— Да бери хоть всё, Ренз, — раздражённо вымолвил Коул и отвернулся. «Вороной» его прозвали за тёмные, вечно взъерошенные волосы и острый нос с горбинкой. Хоть бы «ворон», куда ни шло: а то — «ворона»…
— Ты их переплавь, и зубы новые себе закажи, — не выдержав, бросил он. — А то старые совсем гниль!
Рензик мигом перестал улыбаться, и злобно сощурился.
— Слышь, ты за языком-то следи. Будешь много каркать — клюв набок своротят, понял?
— Да ну? — Коул обернулся. — Что, прямо-таки сам своротишь? или дружков попросишь?
— Седьмой, Тринадцатый! Что за трёп?!? — прогремело с галереи. — А ну, живо работать! По штрафам соскучились?
Обменявшись напоследок угрюмыми взглядами, мальчишки разошлись. Коул перешёл к станкам третьей линии — здесь вытачивались шестерни. На зажатой в тисках пластине был начерчен контур, похожий на солнышко: рабочий аккуратно обводил деталь по контуру жужжащей фрезой, вырезая её из пластины.

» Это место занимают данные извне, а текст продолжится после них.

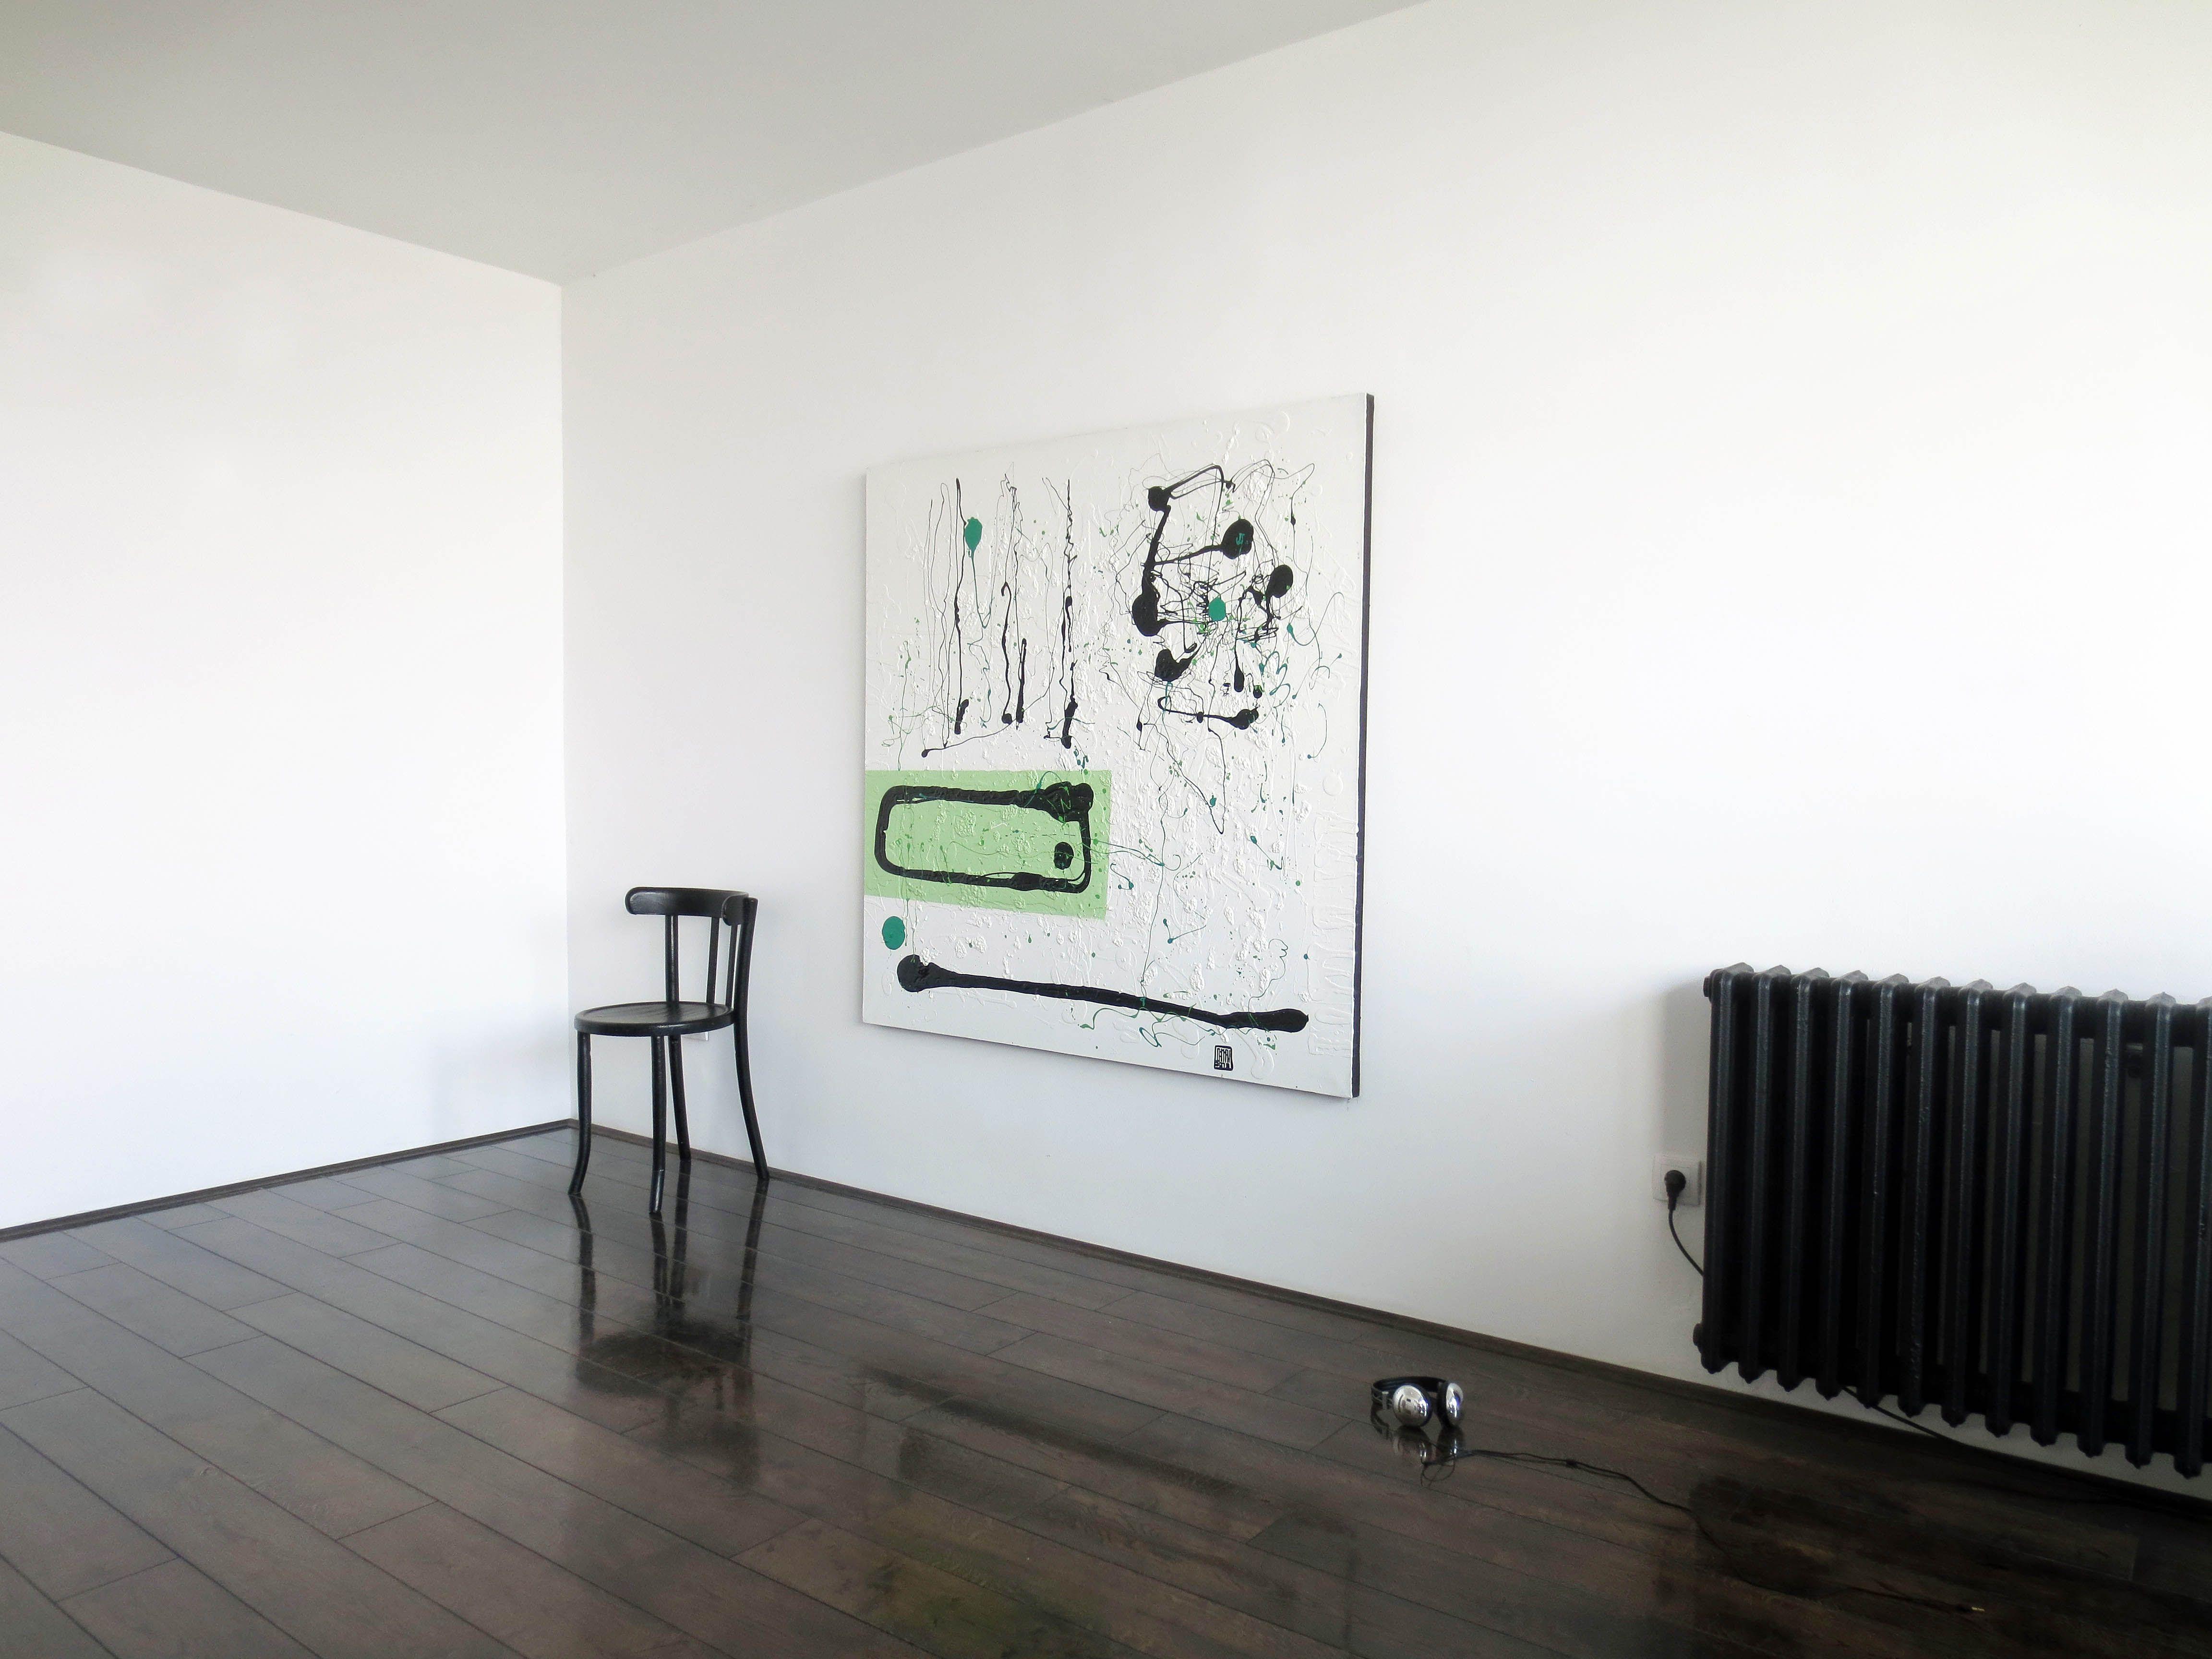 A30 Contemporary abstract Spiritual Architecture Landscape Acrylic

На пол, искрясь, сыпались опилки.
Иногда от скуки Коул воображал, что работает в парикмахерской и подметает остриженные волосы под креслами. Длинные, ломкие стружки — чьи-то вьющиеся локоны, мелкие крутые завитки — тугие кудряшки, а опилки — колючая щетина…
— Не задерживать работу! Не отвлекаться! — громогласно наставлял в рупор Геруд, как раз-таки отвлекая работников. — Уборщиков на вторую линию! Седьмая линия, активней! Девятый станок, почему работа стоит?
— Виноваты, господин управитель! — отозвался мастеровой. Девятый станок и впрямь не работал: кожух был снят, и механик копался в блестящих зубчатых внутренностях механизма. — В чём дело, не поймём. На третьей скорости подача отказывает — резец должен к детали приводиться, а его заедает. Вроде и пружины все целы, и сцепление есть…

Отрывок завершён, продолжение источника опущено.